This classification should enable an earlier diagnosis of patients. The first publications to apply these criteria are appearing. This new system has one major criterion, namely proximal skin sclerosis/induration of the skin, and several minor criteria (see Box 1 ). The patient has to fulfill 1 major and at least 2 minor criteria (see Box 1 ). Each criterion was defined in the publication and represents an organ-specific presentation of juvenile scleroderma. This classification system has to be prospectively validated in a larger pediatric cohort. One of the validation projects is the Juvenile Scleroderma Inception Cohort Project ( www.juvenile-scleroderma.com ), in which patients with less than 18 months’ disease duration after the first non-Raynaud symptom are included and prospectively followed with a standardized assessment.




Classification of juvenile localized scleroderma


Localized scleroderma is a distinct entity from systemic sclerosis, and as yet there is no accepted uniform terminology. Dermatologists like to use the word “morphea” and rheumatologists and pediatric rheumatologists the term “localized scleroderma.” In the framework of the PRES Scleroderma Working Group a preliminary proposed classification of jLS was suggested, but this is not as widely accepted as the new classification of jSS. In Table 1 this preliminary proposed classification, which consists of 5 types with some subgroups, is summarized. The classification criteria have not yet been prospectively tested.



Table 1

Preliminary proposed classification for juvenile localized scleroderma


























Main Group Subtype/Definition
1. Circumscribed morphea A, Superficial
B, Deep
2. Linear scleroderma A, Trunk/limbs



  • B, Head




    • c, En coup de sabre



    • cc, Parry-Romberg or progressive hemifacial atrophy


3. Generalized morphea Four or more plaques (>3 cm) and involves at least 2 of 7 anatomic sites
4. Pansclerotic morphea Circumferential involvement of the limbs, affecting all tissue layers including the bone
5. Mixed morphea Combination of 2 or more previous types

Data from Laxer RM, Zulian F. Localized scleroderma. Curr Opin Rheumatol 2006;18(6):606–13.




Outcome measures


A major problem in the care of children with jLS and jSS lies in assessing the activity of the disease, especially in the skin, and vascular involvement. Not even in adults are all organ-involvement assessments validated according to the OMERACT criteria. A good outcome measure should be relevant to the goal of treatment, easy to administer, and easy to score. It should be reliable and valid and at the same time sensitive to change.

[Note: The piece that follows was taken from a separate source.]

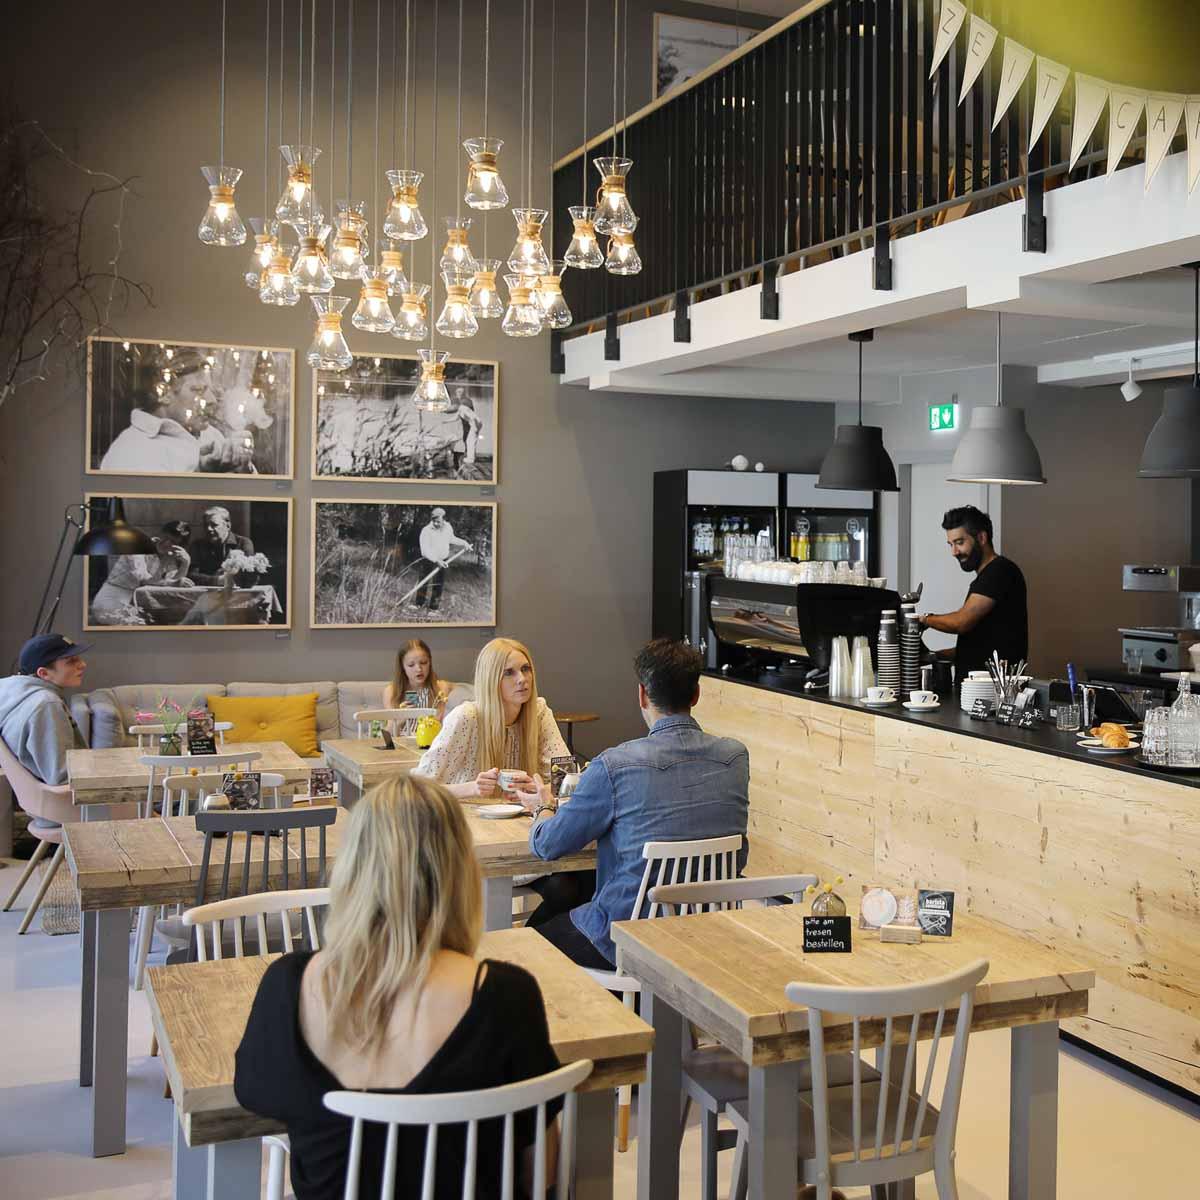 Cafe Design Entspannter Atmosphare: Identity

Assessment of skin involvement


The main organ, and that which is always involved in jLS and jSS, is the skin. The extent of skin involvement can be palpated with the fingers of the physician and assessed using the Modified Rodnan Skin Score (MRSS). The skin, especially the subcutaneous components, changes during the maturation of the child, therefore the “normal skin score” changes with age.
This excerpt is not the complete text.